Let’s be clear, we are no longer talking about a world of company cars, excessive air travel to meetings, personal office cubicles in large city glass boxes. We are definitely not talking about companies whose commitment to values, gender and ethnic diversity or corporate responsibility can be demonstrated by words without action.
We are talking about companies that are proud to be seen as creative and entrepreneurial both in a social as well as business context, where in a spirit of collaboration, we come together to relentlessly pursue and deliver an energy transition that meets the needs of our society. But, at the same time, respects the needs of our planet. We must shift from current working practices to creating a working environment that enables our employees to work to the best of their ability.

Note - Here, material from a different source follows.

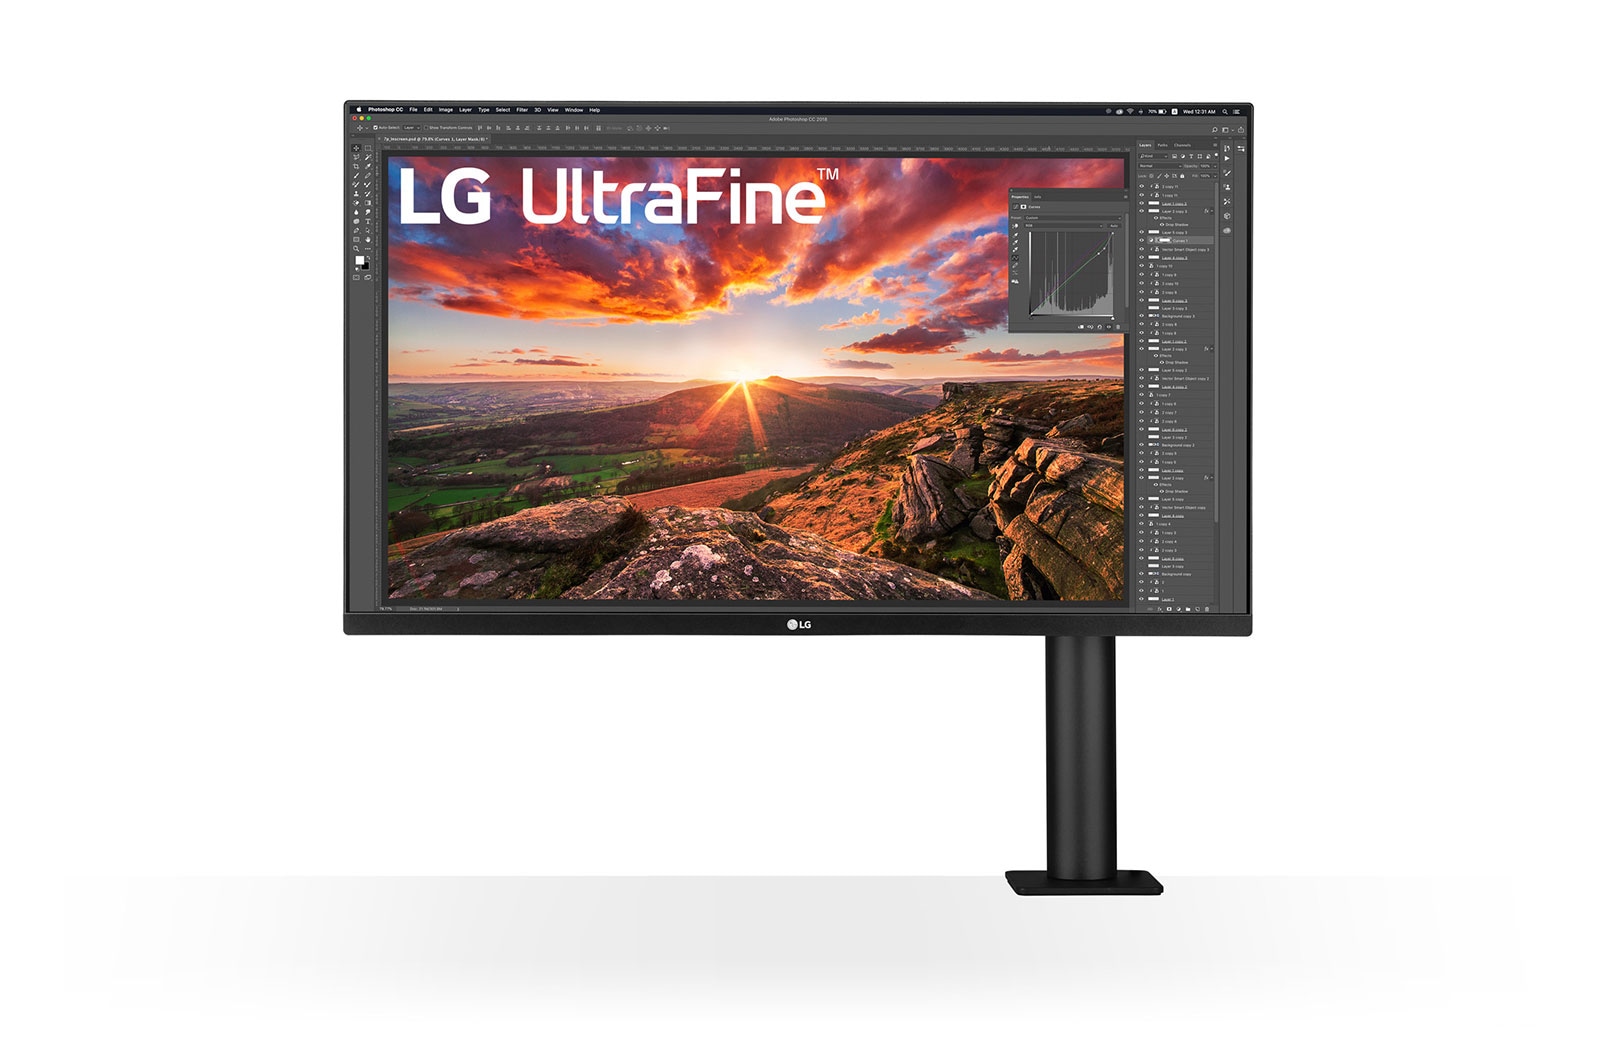 LG 31,5 Zoll UltraFine™ Ergo Monitor mit HDR10, IPS und UHD 4K-Auflösung, 32UN880P-B

We need to stop using expressions like open-plan or home working and instead think of our work spaces as places where we can physically interact as a compact with our chosen place for connected working.
We must build into our lives the digital tools that enable us to have all the work/life connections that underpin our mental happiness with the tools that connect us to our colleagues as efficiently and effectively as if we were sitting next to them. No more two hour commutes, no more 9 to 5 grind, no more sitting exhausted at desks, no more waiting for access to a critical piece of software, no more working for a boss or a company you don’t respect.
Let’s use this crisis as an opportunity to change. We have no option but to change and, as an industry, we have already waited until the last minute. Even before Covid19, our industry was increasingly publicly demonised, struggling to get investment and, critically, nowhere near being an employer of choice.
For as long as I can remember we have been paying lip-service to the “people are our most important asset” mantra. It is time we stopped thinking we know what’s best for the world and use our incredible ingenuity to listen and connect the diverse but complementary needs of all the generations of talent we will need to get things back on track.